My grandmother was a ladies lady, a philanthropist, a socialite and a homemaker. She was a long time supporter of her local library and was at one time on the board of regents at Texas Women’s University. Knowing these things about her tells me that she not only valued education but valued women getting an education to better themselves. She knew girls could do great things, even if they never held a high position in a company. Even though she spent her entire life in a small town she was a worldly woman. My grandfather’s job enabled them to travel the world with oil executives and she kept postcards, menus and brochures from the many exotic places they traveled.
When I was 22 I had the pleasure of accompanying my 80-something grandmother to London. She loved England and must have thought that I needed a cultured experience. She probably thought she was chaperoning me but I was under the impression that I was her chaperone as I was a strong young woman, independent and clearly knew everything there was to know about everything. Because she was in her 80’s and could no longer endure a long trans-atlantic flight (and had the means to do so) we flew on the Concord. New York to London in 3 hours, can’t beat that.
Part of our trip involved having a driver take us to visit family friends who lived in the country in a house whose “new” addition was only 300 years old. The while on tour, our driver he took us to a village pub for lunch and introduced us to the magic of pale ale mixed with lemonade. We toured Bath, Oxford and of course Harrods of London.
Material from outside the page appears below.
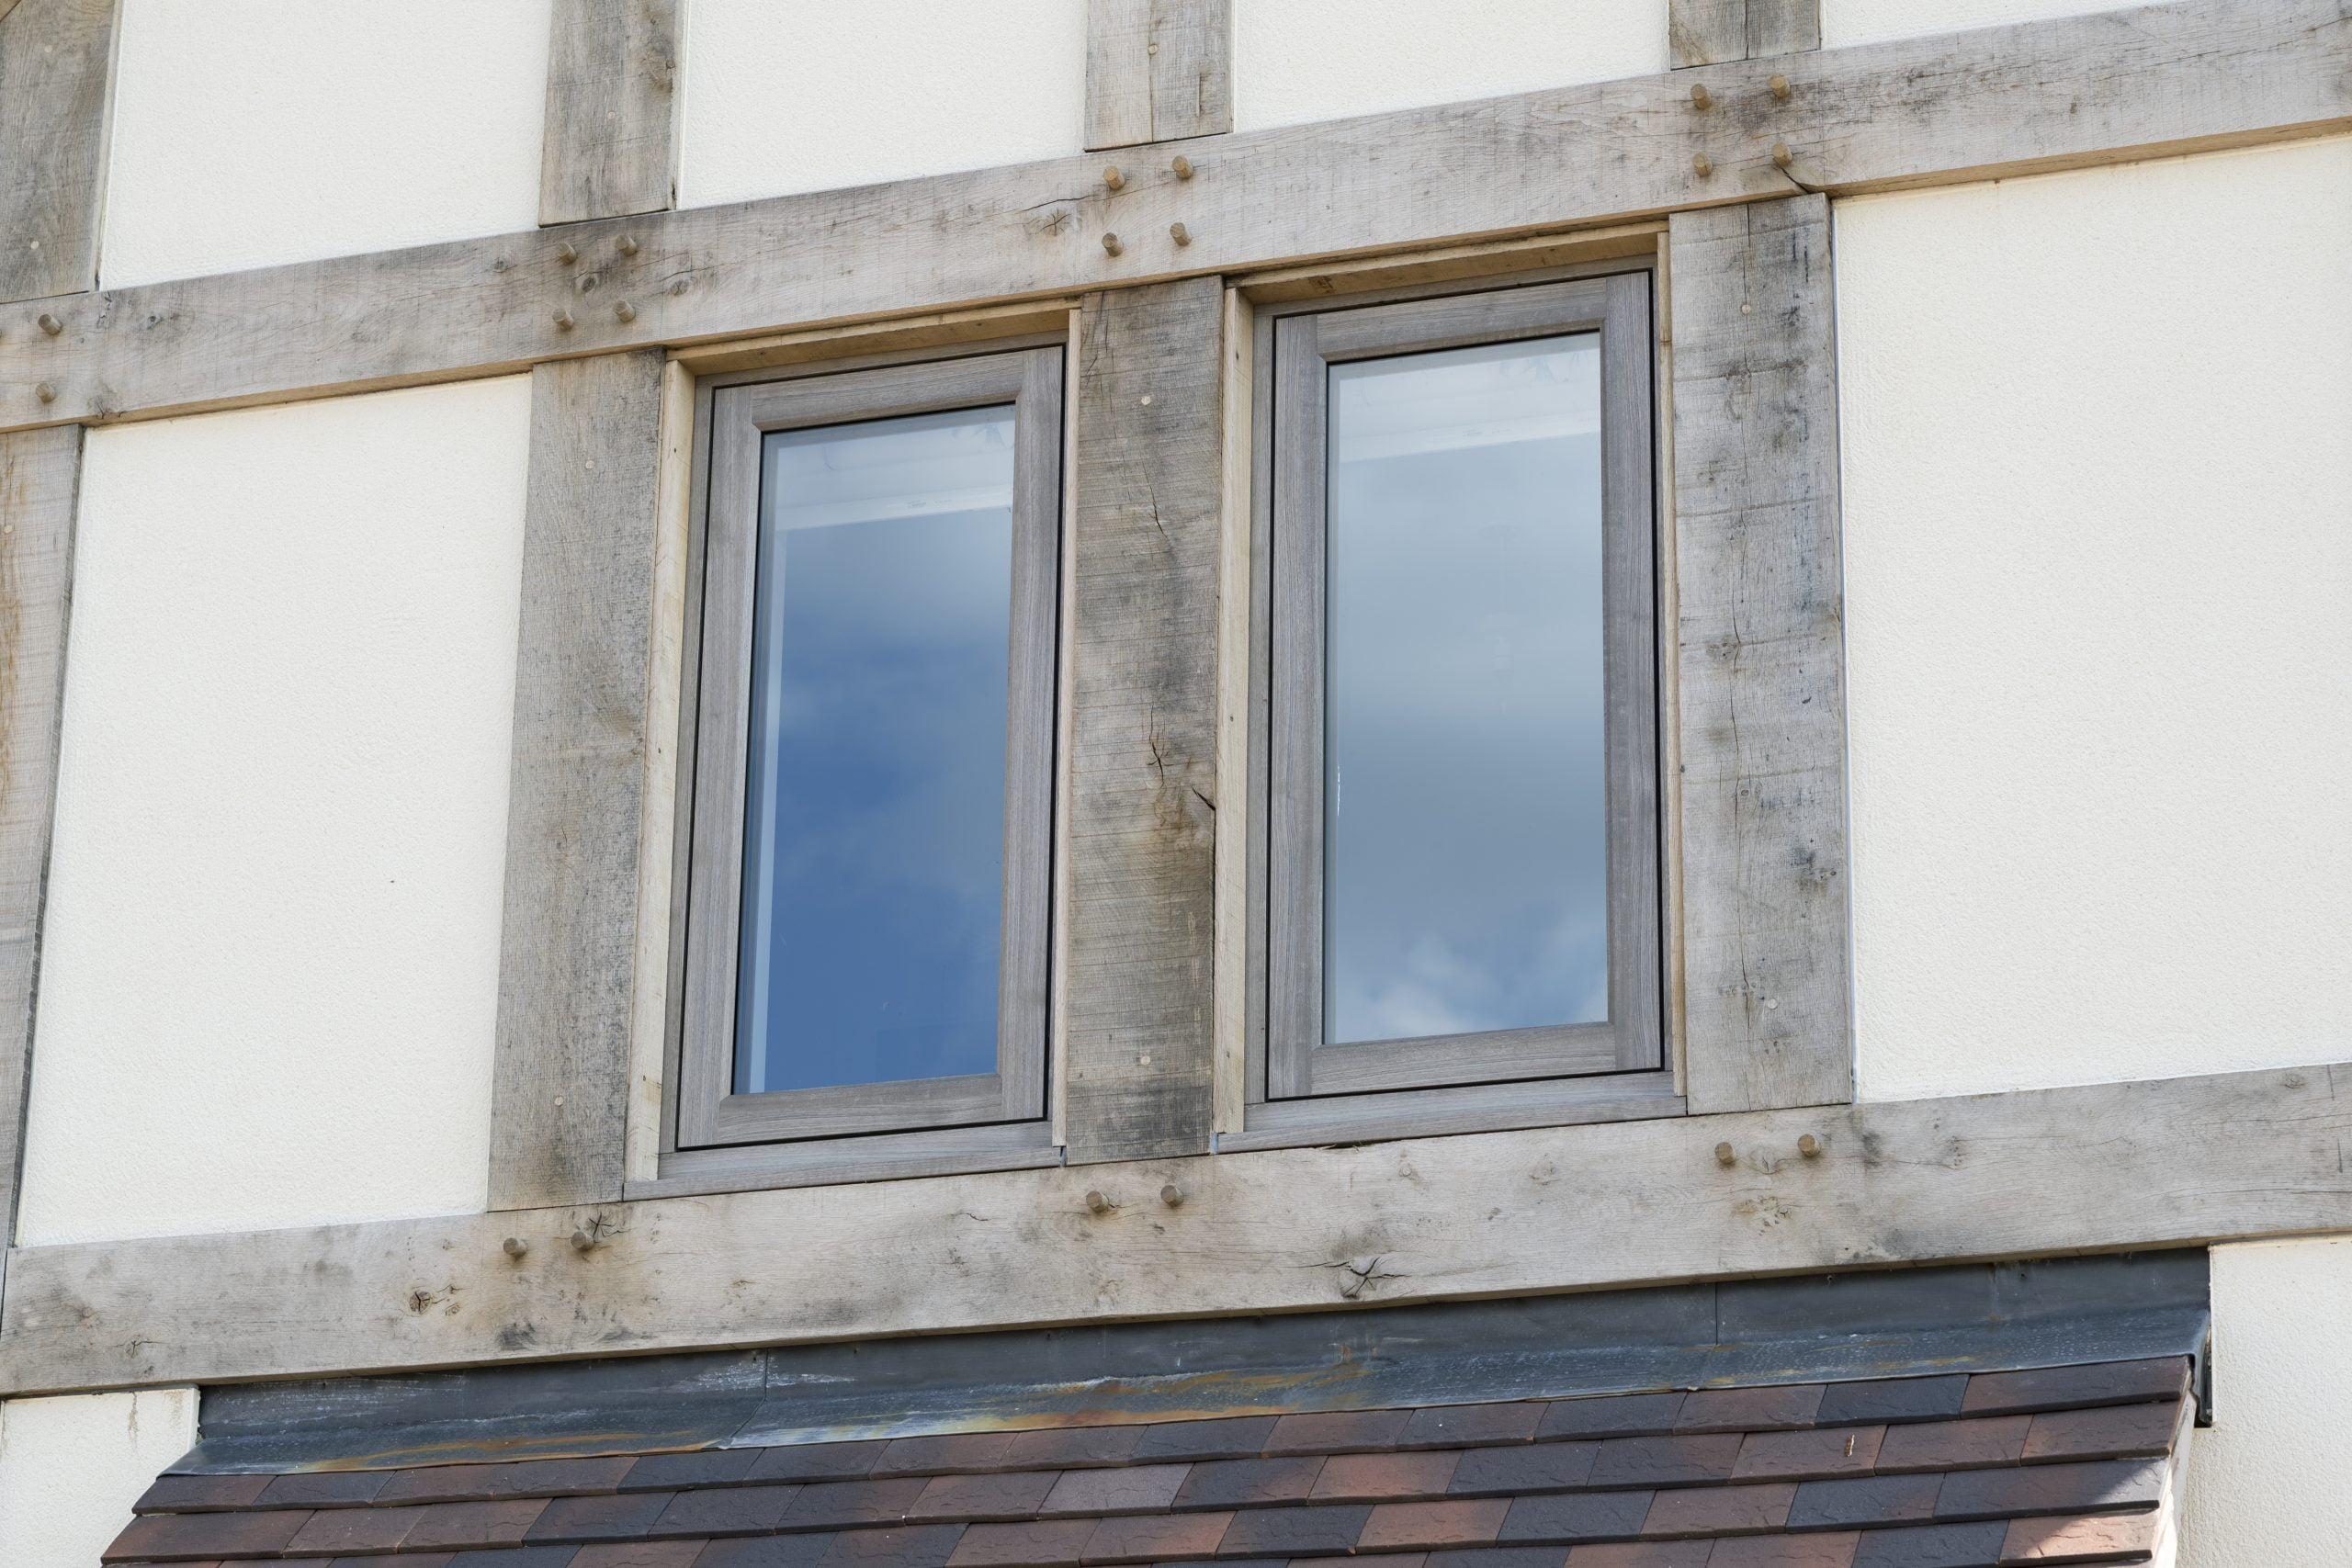 Residence 2 windows in Silvered Oak by Wharfedale Windows

One of my favorite memories from this trip is when we decided it was time for tea. We got dressed in our best tea time attire and headed downstairs to our hotel’s very fancy tea room. Either because we were from a small town or because she was used to being treated with kid gloves, it never occurred to us to call ahead to make a reservation. At 3:00 I walked up to the maitre d who was managing a very posh and very busy tea room and told him we would like a table for two. He gave me an odd look when I told him we didn’t have a reservation but pointed out my graceful yet clearly aged grandmother. Within minutes he had a table for two ready and escorted us past all the well appointed snobs waiting for their tables (who scowled at the two American’s who were clearly getting a table ahead of them). Once we sat down she realized our mistake in not making a reservation and was giddy at our preferential treatment. She attributed it to the fact that she was accompanied by her young and pretty granddaughter. I was sure it was the charm of an 80-something year old woman. Either way it was an experience that I’m grateful for and will never forget.